# MATERIAL PROVIDED

····················

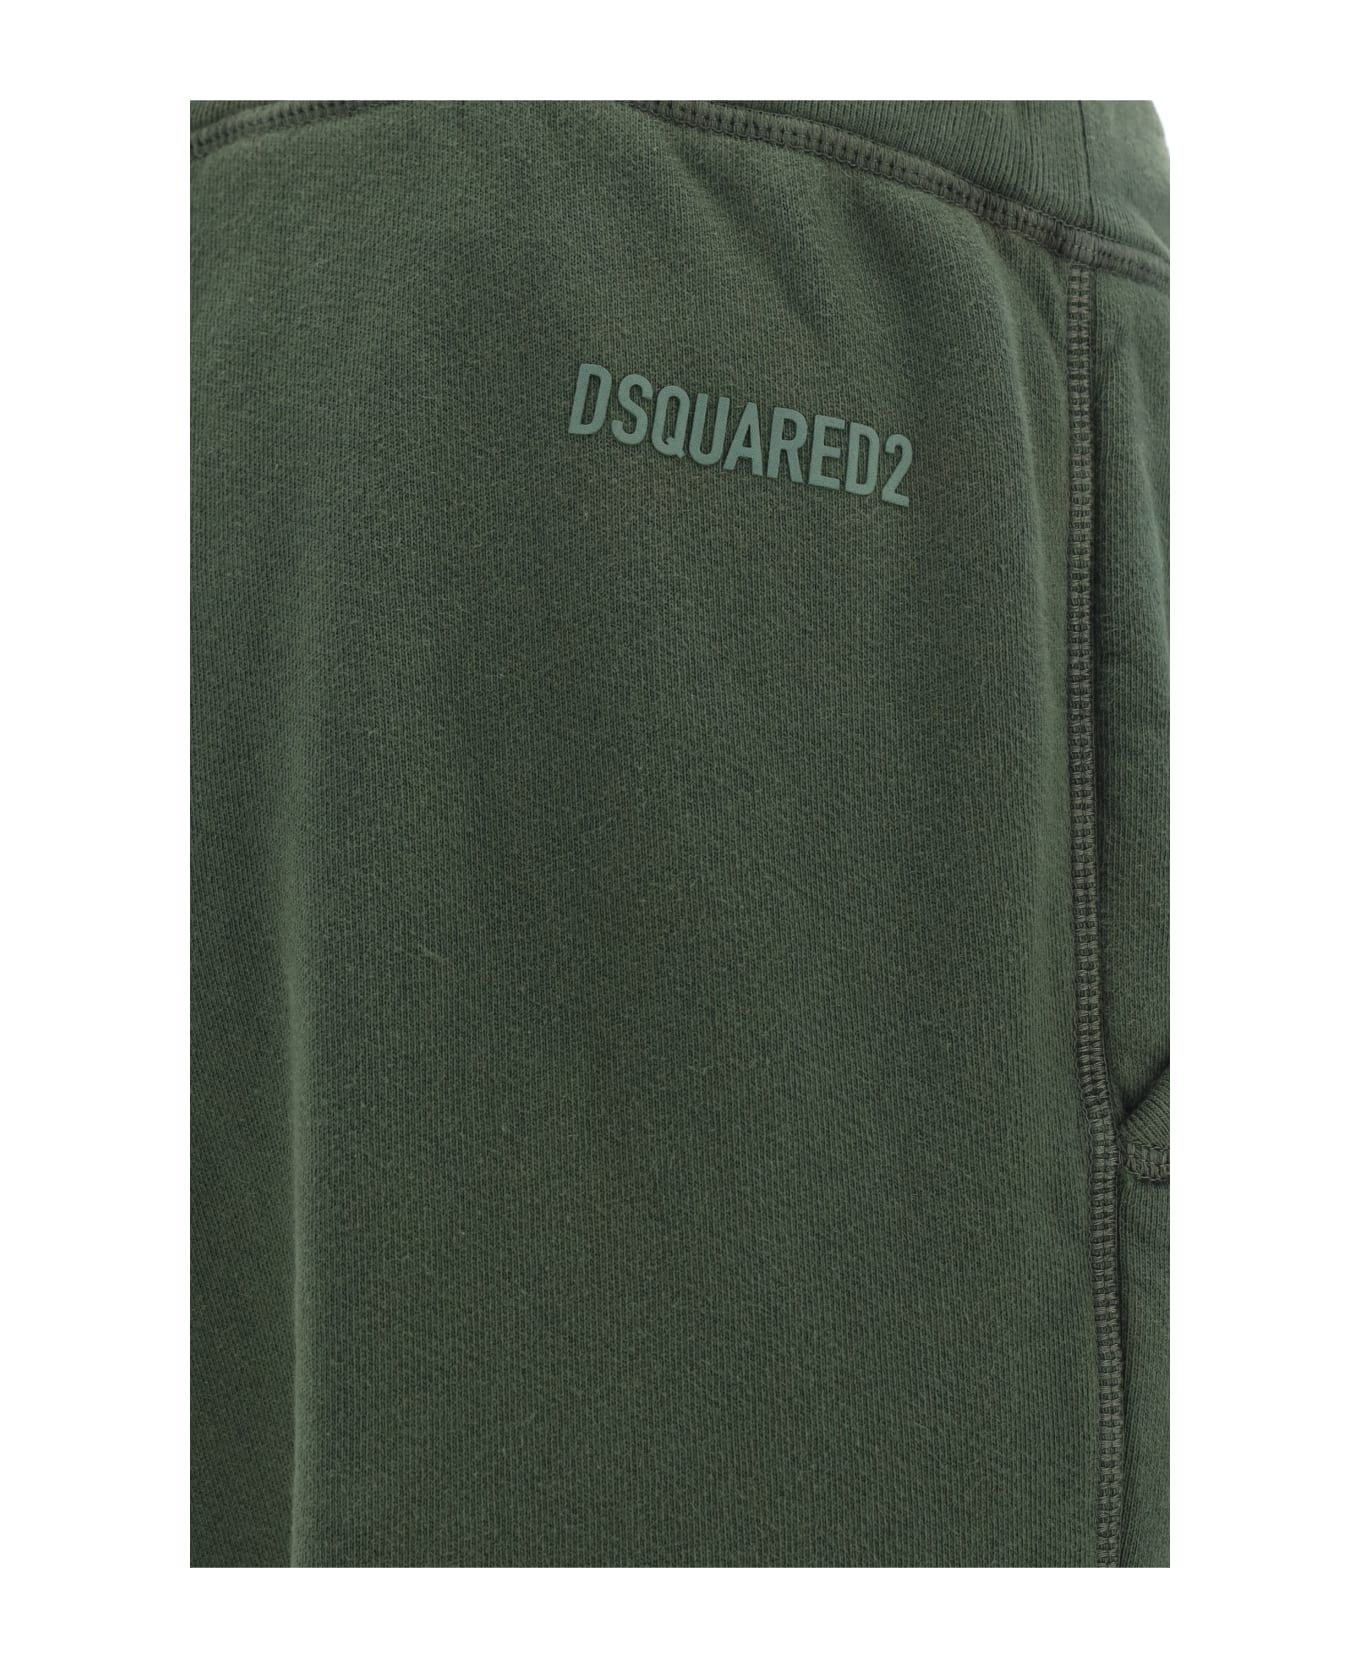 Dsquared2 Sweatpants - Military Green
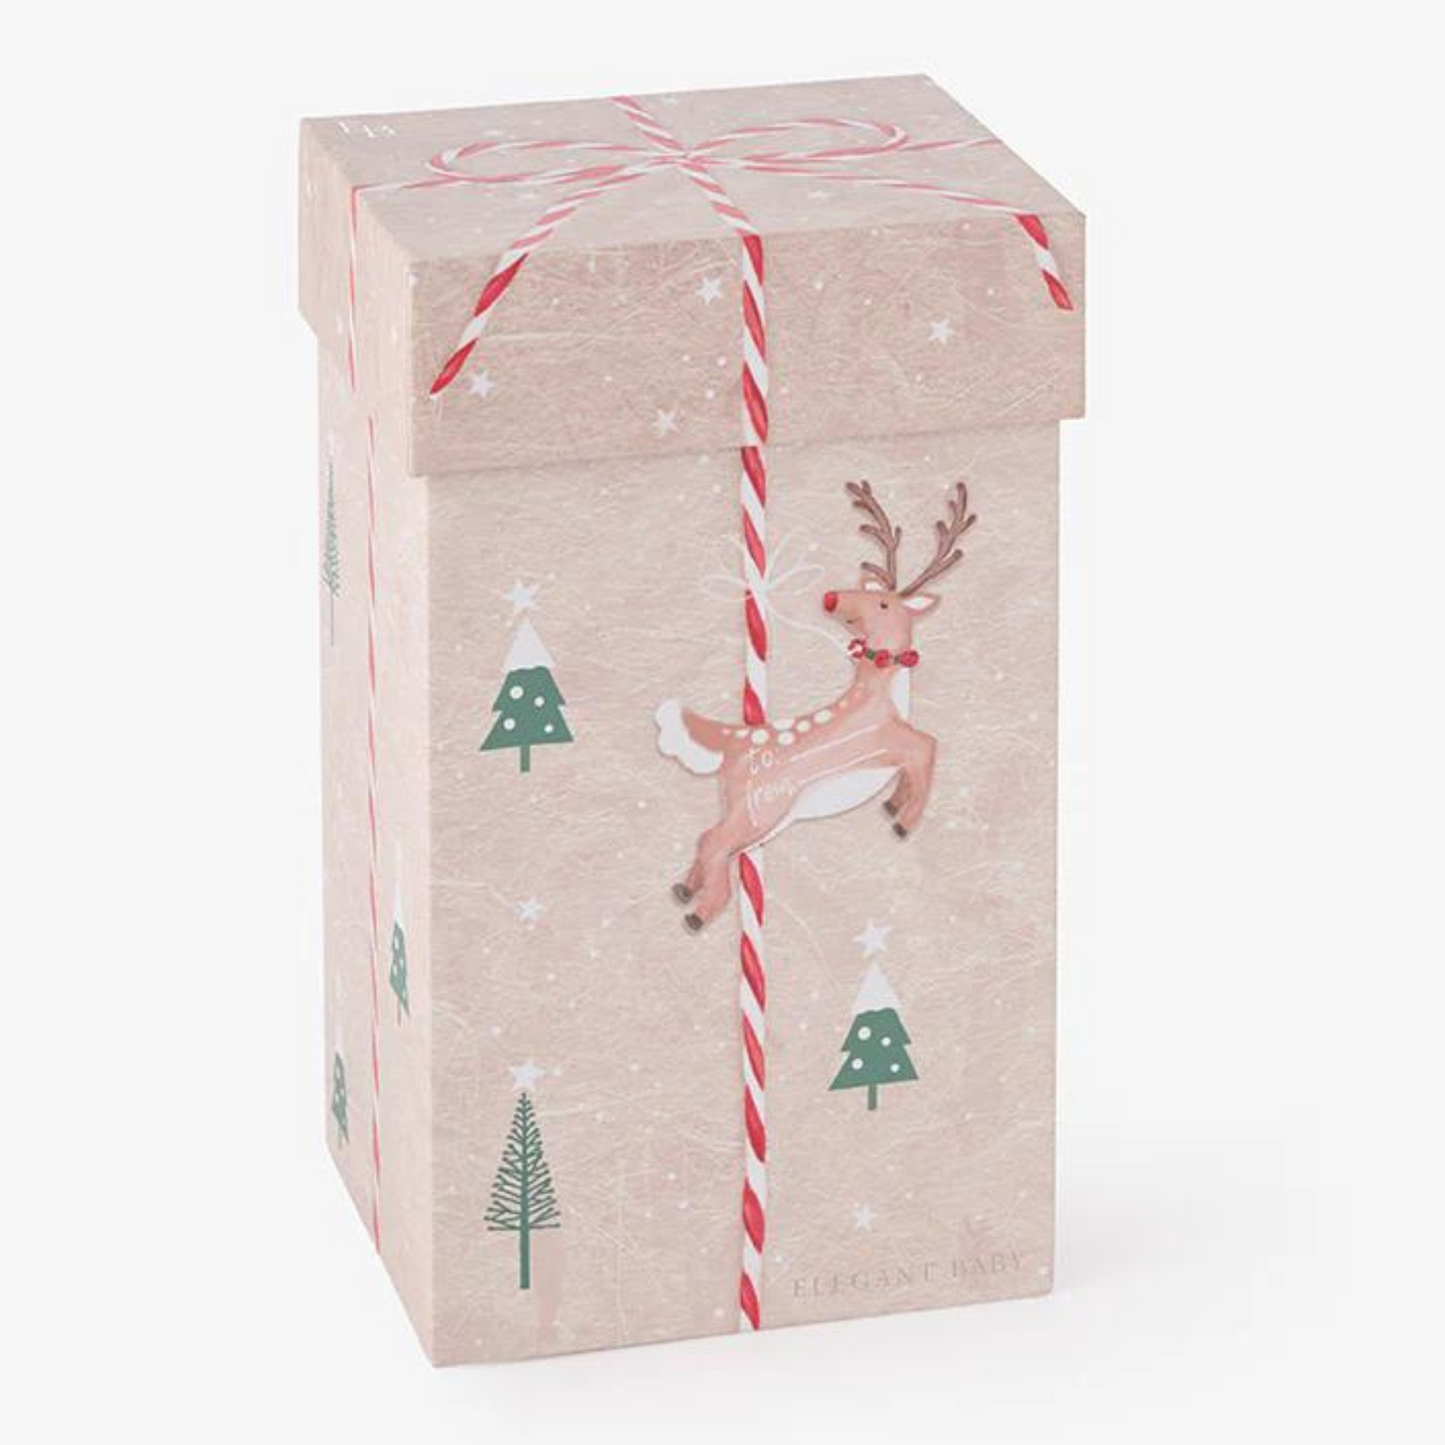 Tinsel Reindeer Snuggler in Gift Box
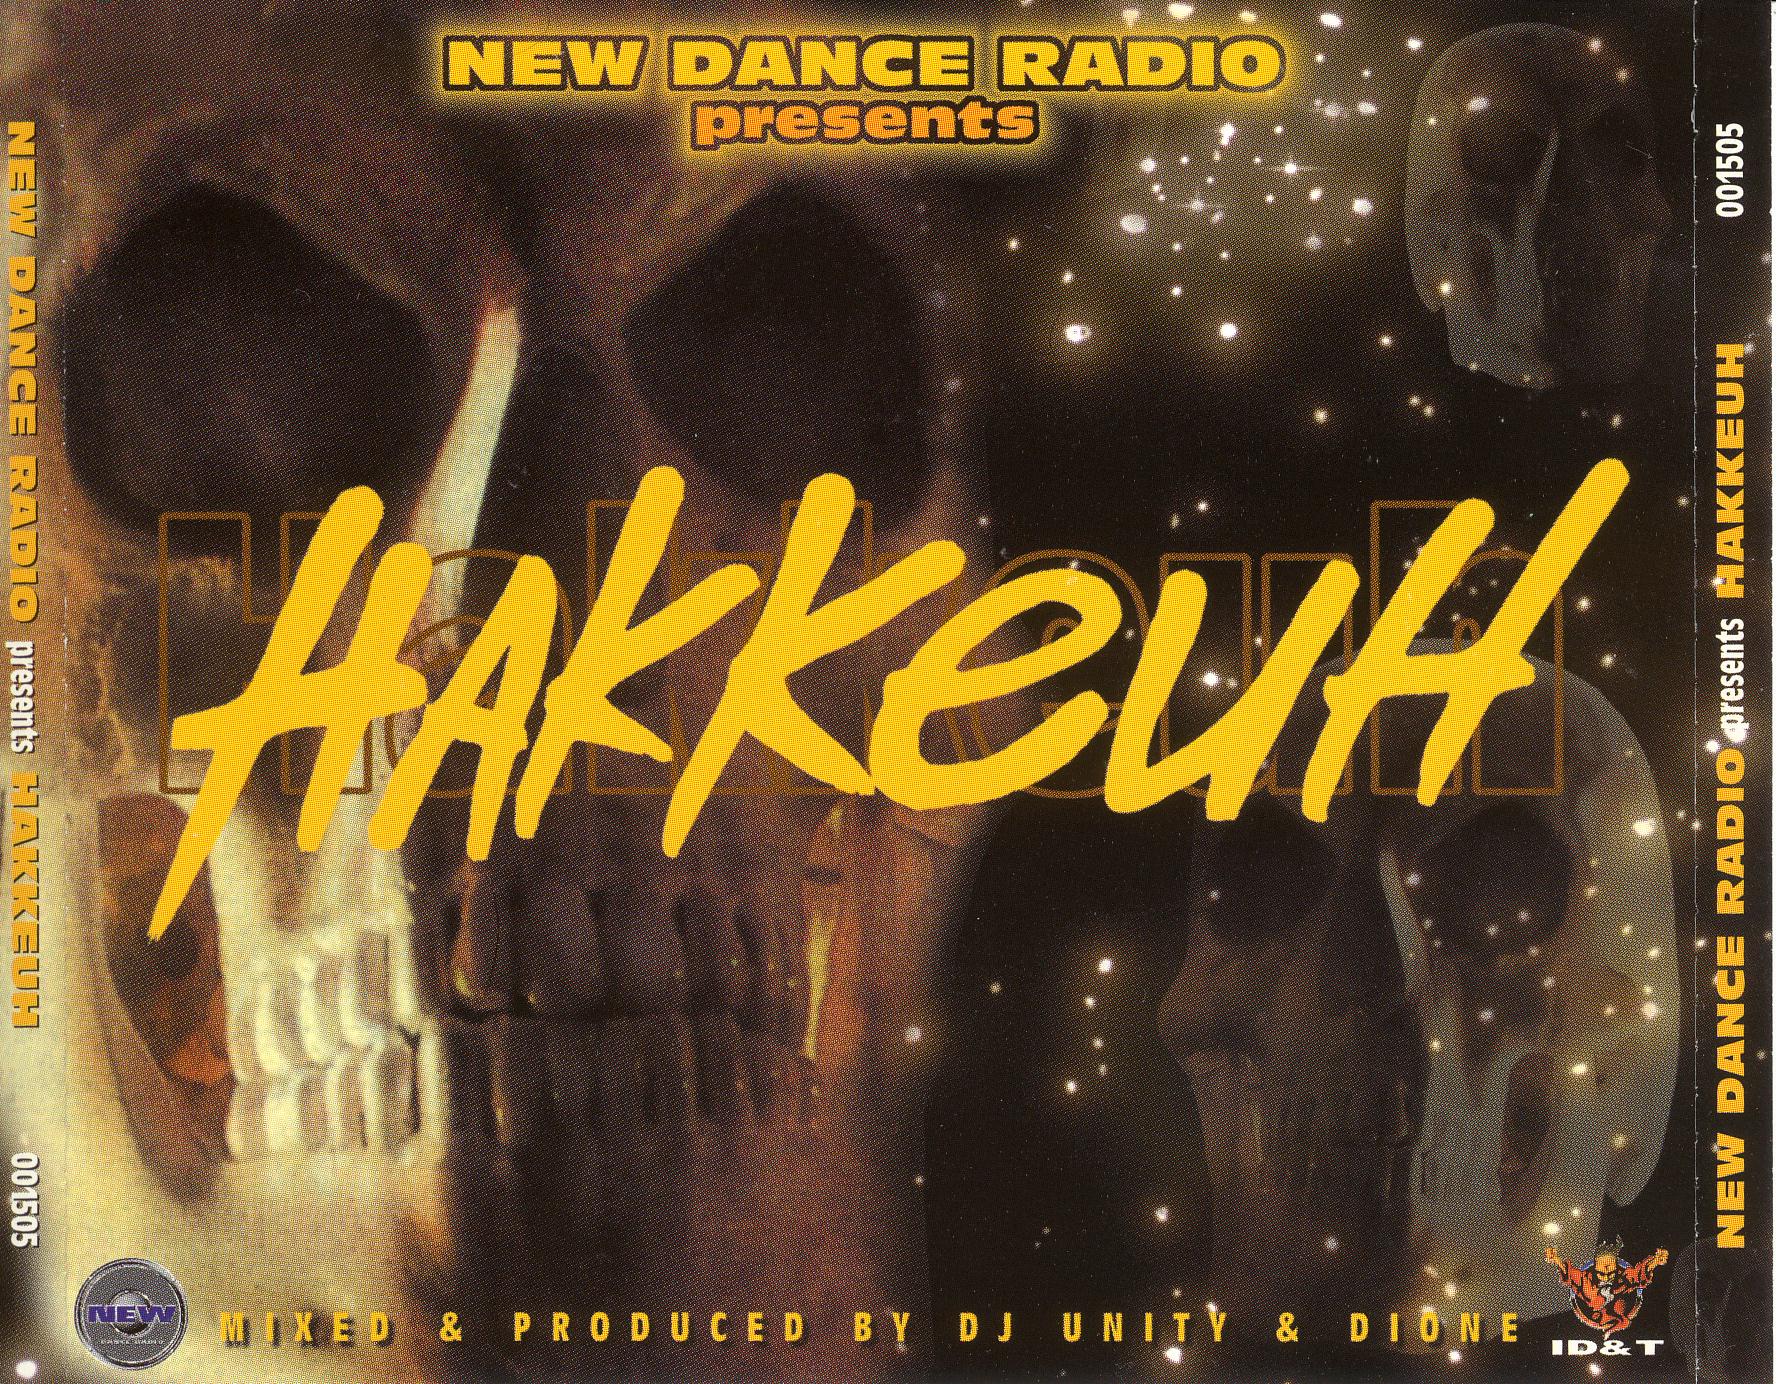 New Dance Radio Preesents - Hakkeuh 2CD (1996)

····················

From the first line to the last, write out the data above exactly. Omit the pictures.

# TASK ANSWER
 Dsquared2 Sweatpants - Military Green
 Tinsel Reindeer Snuggler in Gift Box
 New Dance Radio Preesents - Hakkeuh 2CD (1996)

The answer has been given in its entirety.